Ныне государство [высоко] котируется. Помогают этому даже философы. И сразу же любое объяснение, которое не «завышает» его роль, оказывается не отвечающим распространившейся моде. Моде, у которой, вполне очевидно, есть свои преувеличения и упрощения, но которая имеет по крайней мере то преимущество, что обязывает иных французских историков обратиться вспять, в какой-то мере поклониться тому, что они сжигали или же, самое малое, обходили на своем пути стороной.

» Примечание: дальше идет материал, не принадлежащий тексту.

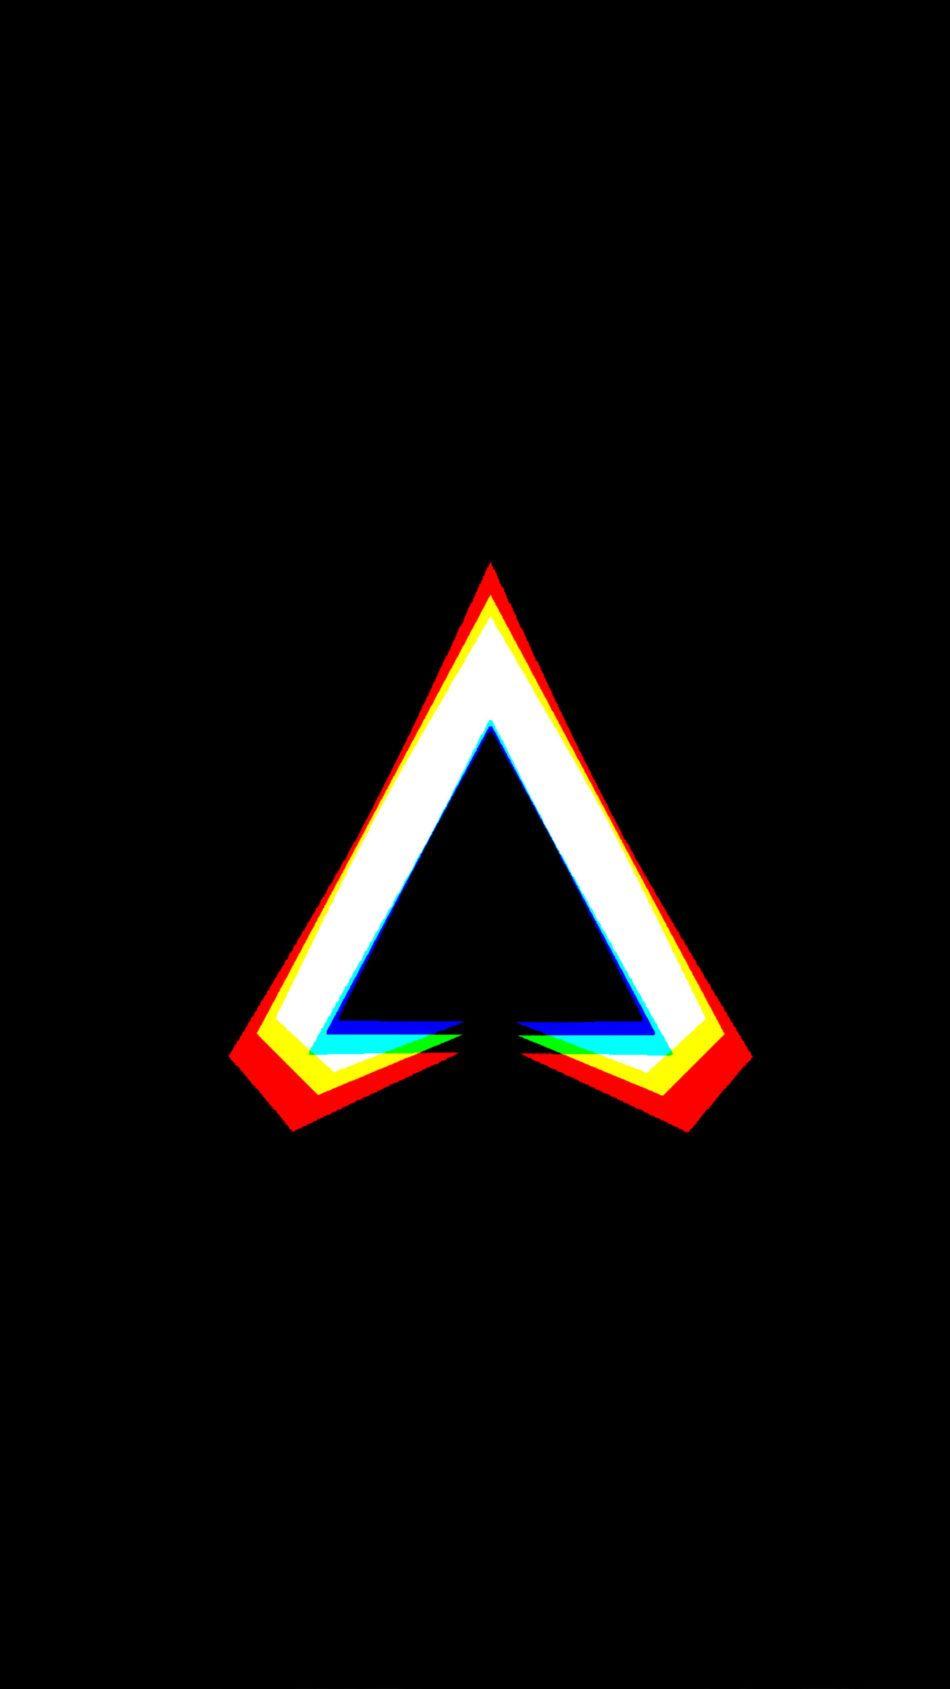 Apex Legends Logo Dark Background 4k Ultra Hd Mobile Wallpaper Dark Backgrounds Logo Wallpaper Hd Apex Logo

Тем не менее с XV по XVIII в. государство было далеко от того, чтобы заполнить собою все социальное пространство, оно не обладало той «дьявольской» силой проникновения, какую приписывают ему в наши дни, у него не было средств для этого. Тем более что оно в полной мере испытало на себе продолжительный кризис 1350–1450 гг. Лишь со второй половины XV в. начался его новый подъем. Города-государства, игравшие до государств территориальных первые роли до самого начала XVIII в., были тогда целиком орудием в руках своих купцов. Для территориальных государств, мощь которых восстанавливалась медленно, дела обстояли далеко не так просто. Но первое же территориальное государство, пришедшее в конечном счете к национальному рынку или национальной экономике, а именно Англия, довольно рано перешло под власть купечества после революции 1688 г. Ничего, следовательно, нет удивительного в том, что в доиндустриальной Европе в силу определенного детерминизма мощь политическая и мощь экономическая совпадали. Во всяком случае, карта мира-экономики, с перенапряжением центральных зон и с его концентрическими различиями, пожалуй, должна была достаточно хорошо соответствовать политической карте Европы.